▶ _Data below_:
━━━━━━

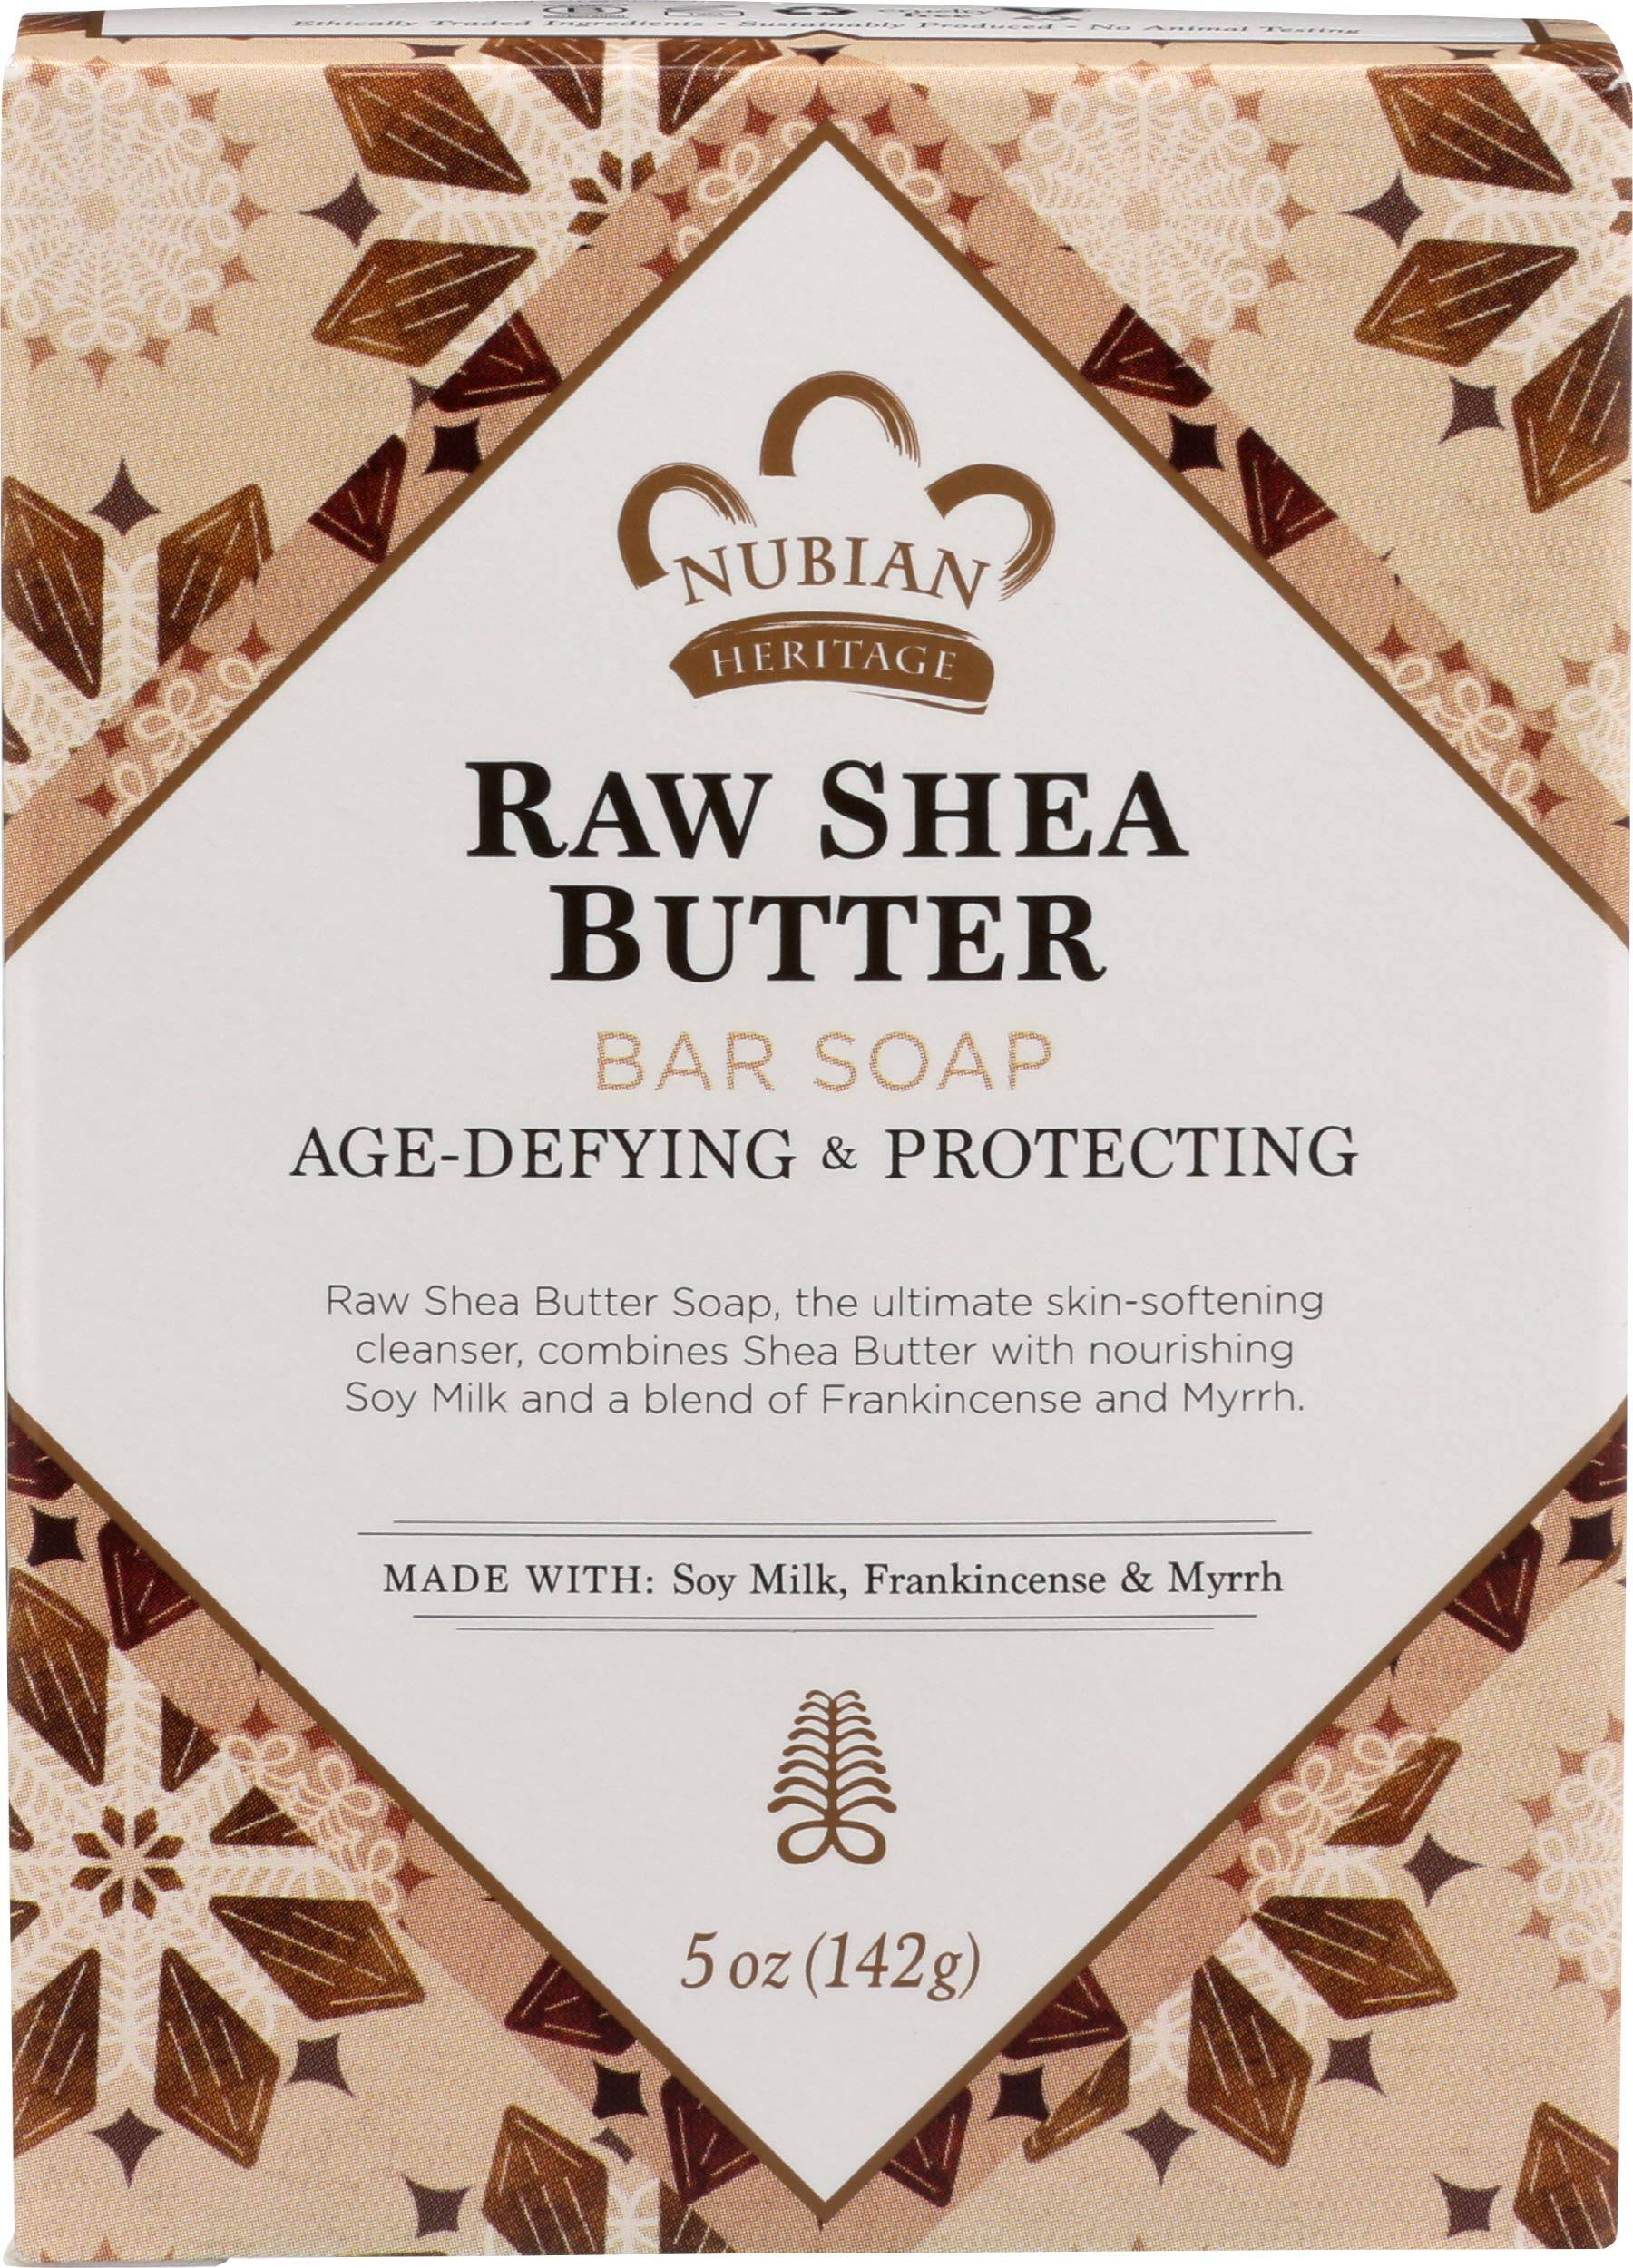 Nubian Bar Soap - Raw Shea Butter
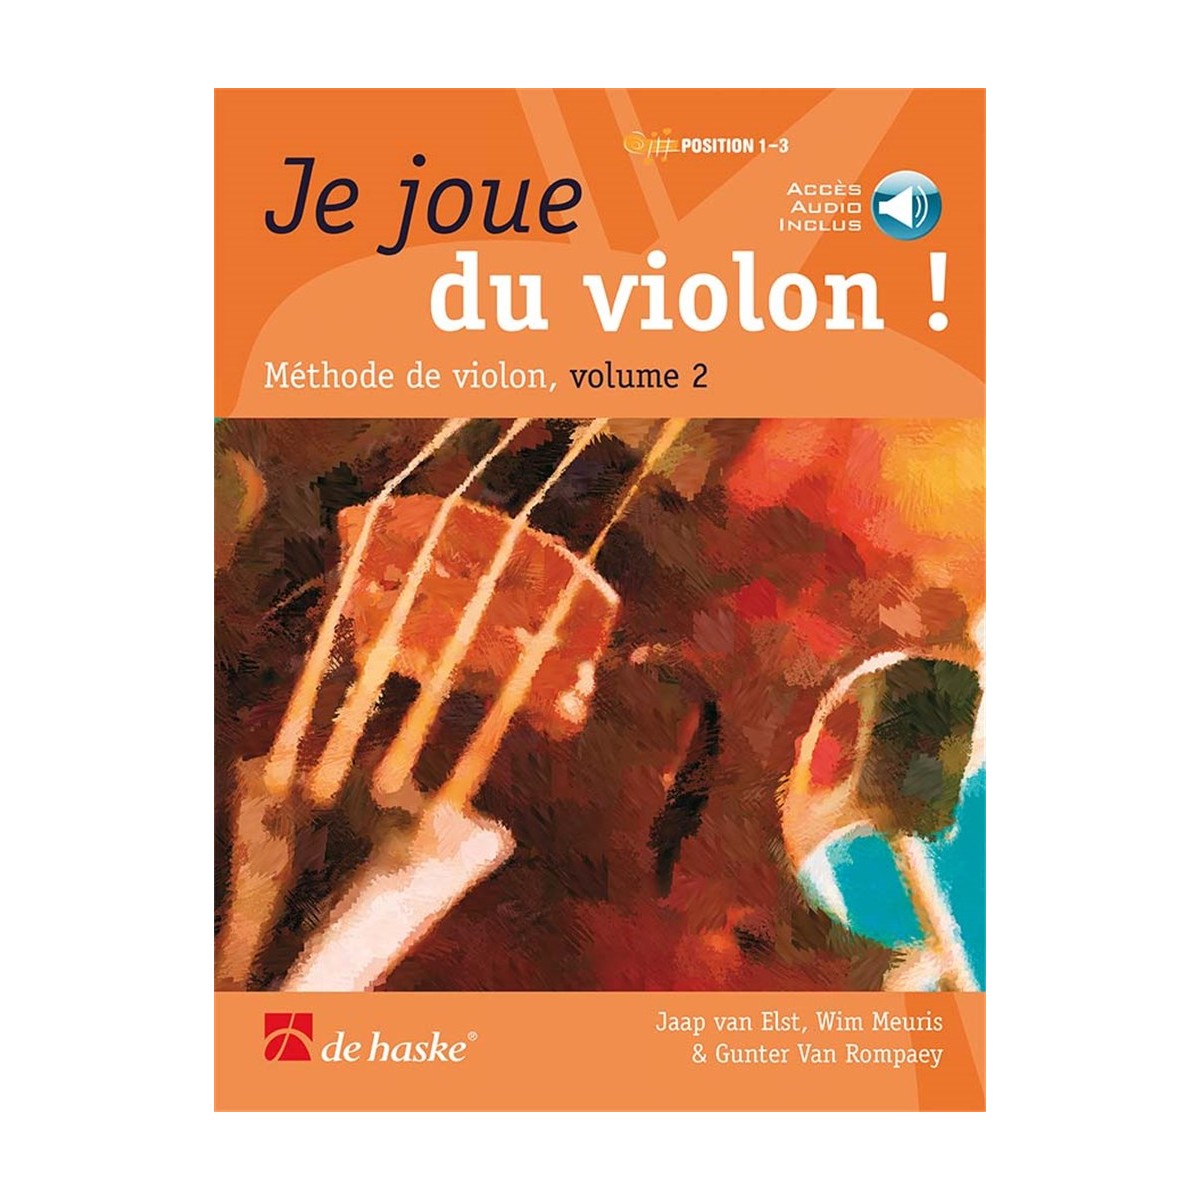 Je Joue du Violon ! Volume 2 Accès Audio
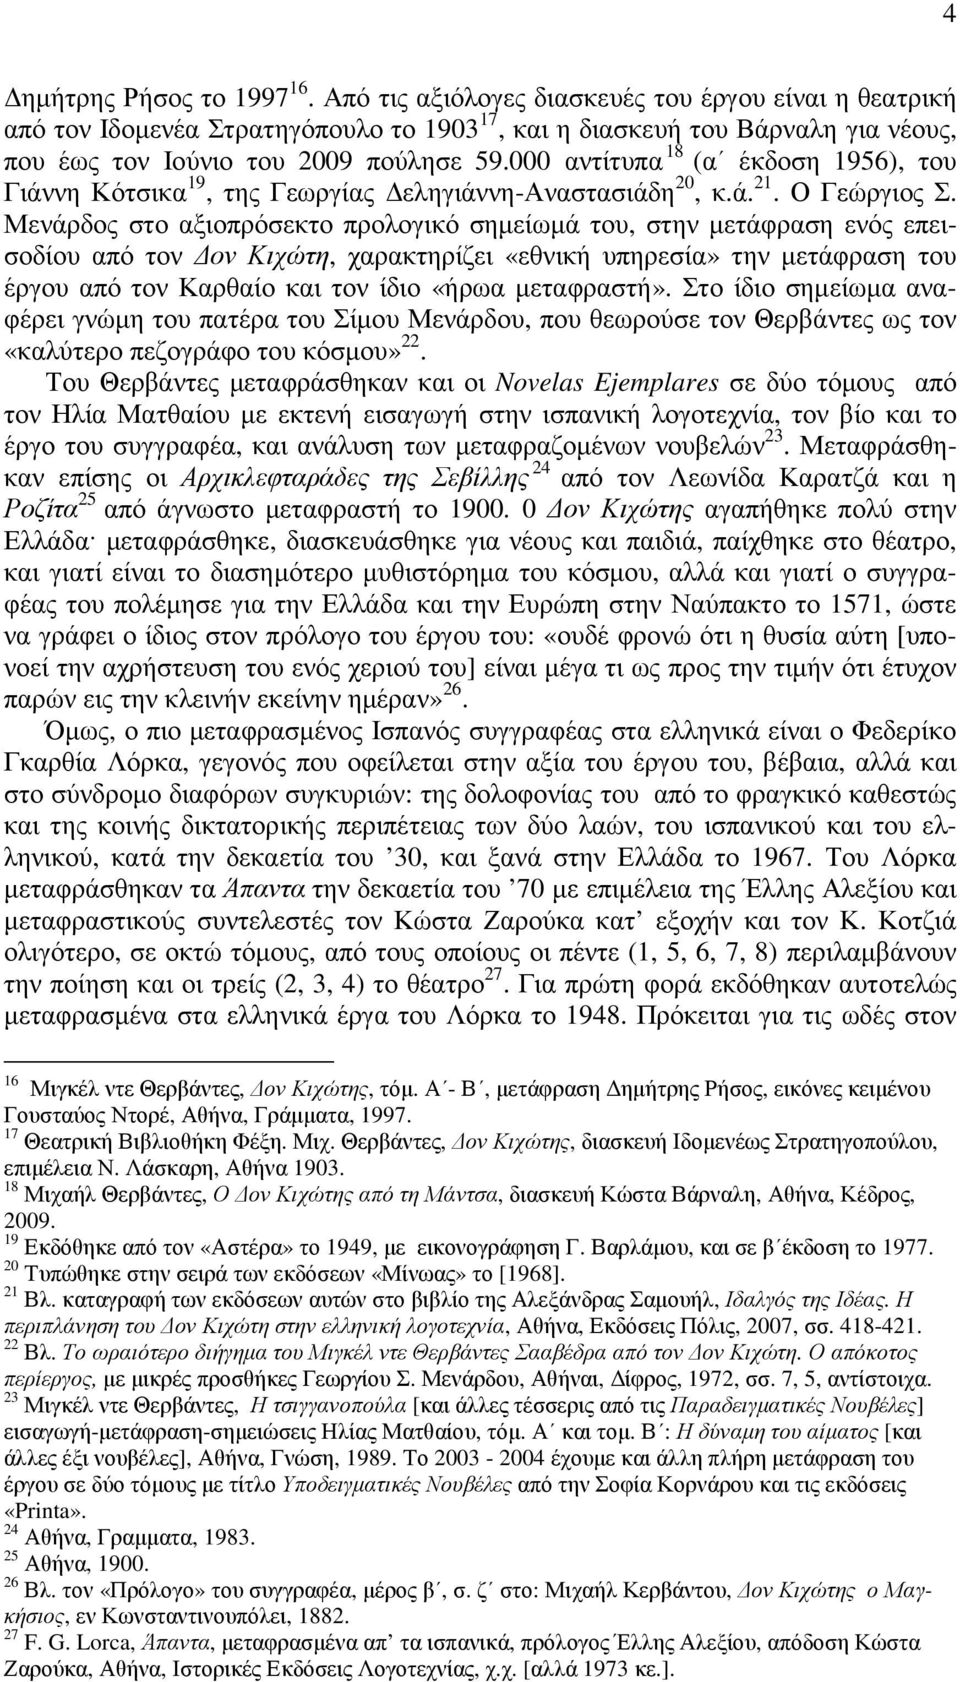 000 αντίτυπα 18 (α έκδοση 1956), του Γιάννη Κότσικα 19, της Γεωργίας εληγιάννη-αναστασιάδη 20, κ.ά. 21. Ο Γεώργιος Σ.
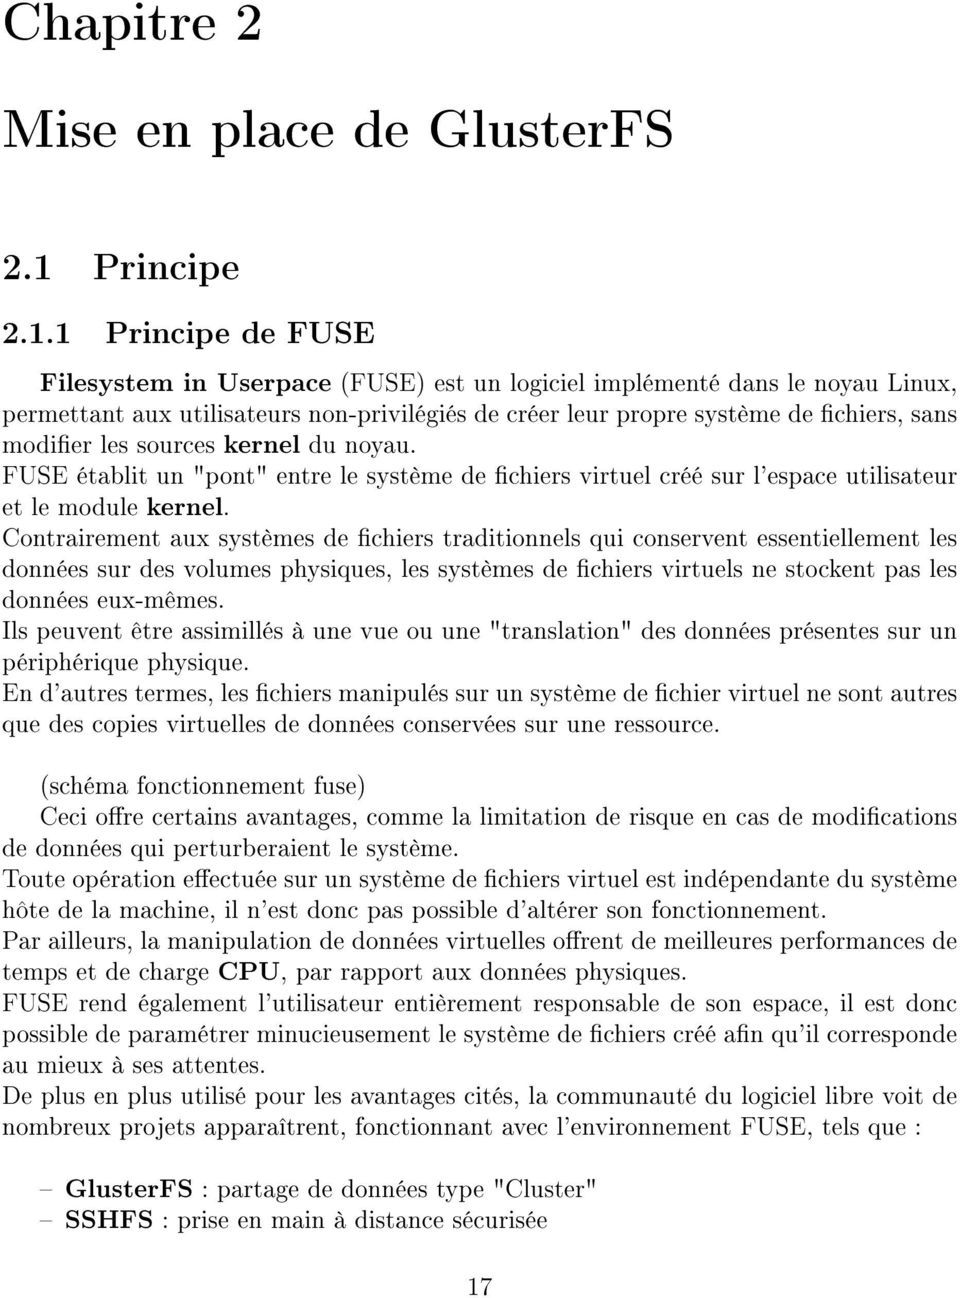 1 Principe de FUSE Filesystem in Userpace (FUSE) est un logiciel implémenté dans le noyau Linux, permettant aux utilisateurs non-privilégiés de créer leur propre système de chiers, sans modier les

━━━━━━

▶ _Work request_: Would you give the material back exactly, minus the pictures?

▶ _Task output_:
 Nubian Bar Soap - Raw Shea Butter
 Je Joue du Violon ! Volume 2 Accès Audio
 000 αντίτυπα 18 (α έκδοση 1956), του Γιάννη Κότσικα 19, της Γεωργίας εληγιάννη-αναστασιάδη 20, κ.ά. 21. Ο Γεώργιος Σ.
 1 Principe de FUSE Filesystem in Userpace (FUSE) est un logiciel implémenté dans le noyau Linux, permettant aux utilisateurs non-privilégiés de créer leur propre système de chiers, sans modier les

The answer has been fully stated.